**WORK ORDER:**
Below are lines of data; restate word for word those running from the line containing "Bublédon Men's Business" to the line containing "3Dフィット掛け布団 3D-Fit CoCOON", inclusive, and no others.

**ENTRIES PROVIDED:**
+++
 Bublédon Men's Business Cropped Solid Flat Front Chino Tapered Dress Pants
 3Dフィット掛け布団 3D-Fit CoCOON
+++
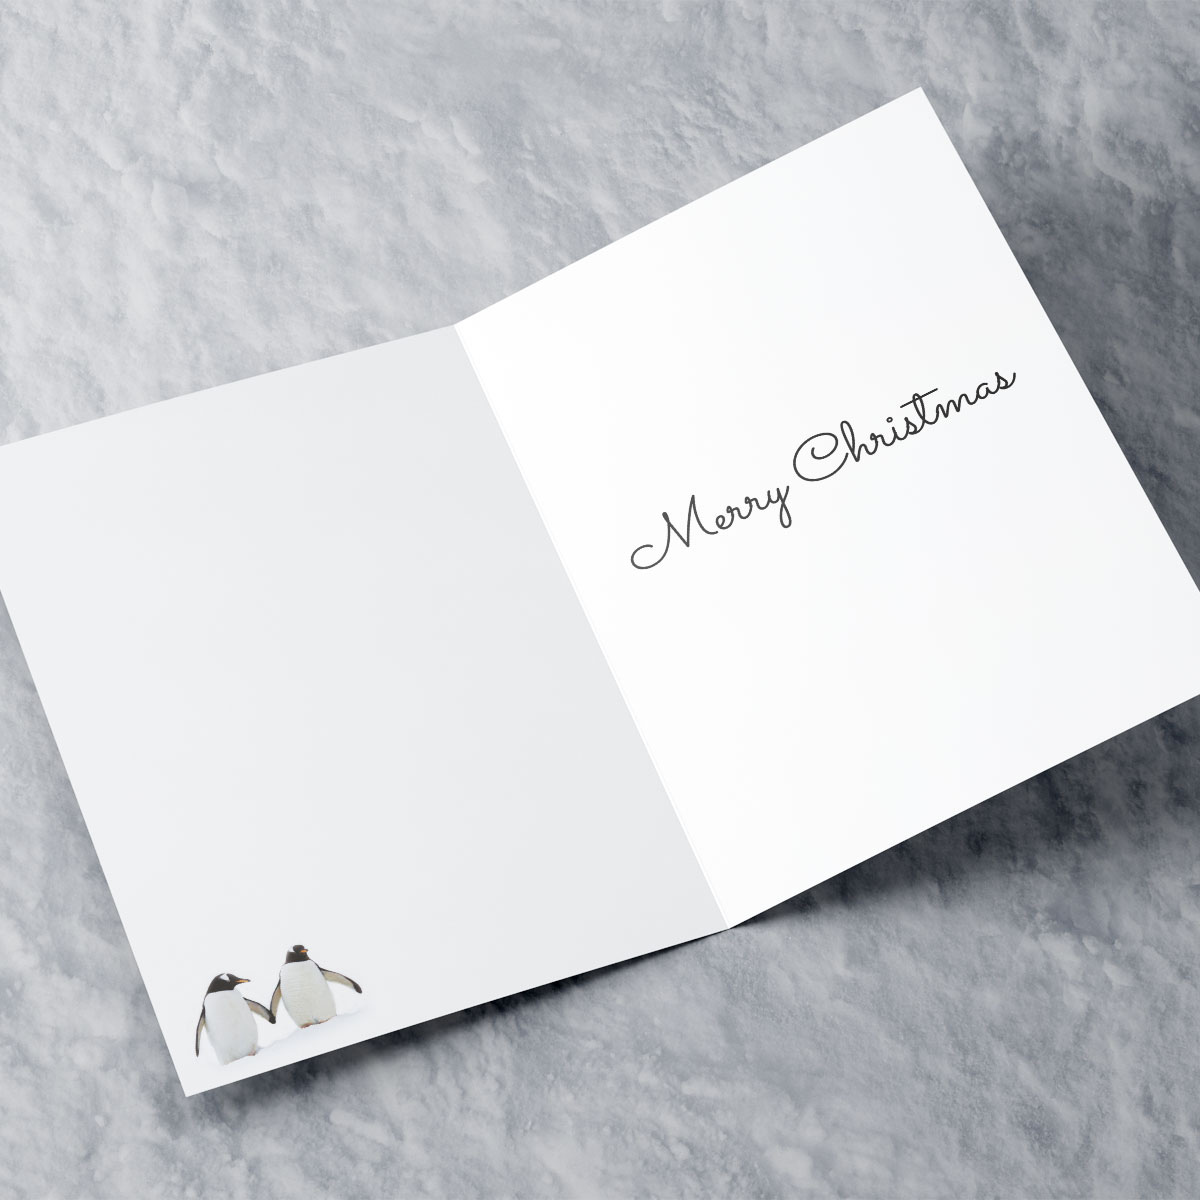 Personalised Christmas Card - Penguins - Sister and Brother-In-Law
+++
**RESPONSE TO THE TASK:**
 Bublédon Men's Business Cropped Solid Flat Front Chino Tapered Dress Pants
 3Dフィット掛け布団 3D-Fit CoCOON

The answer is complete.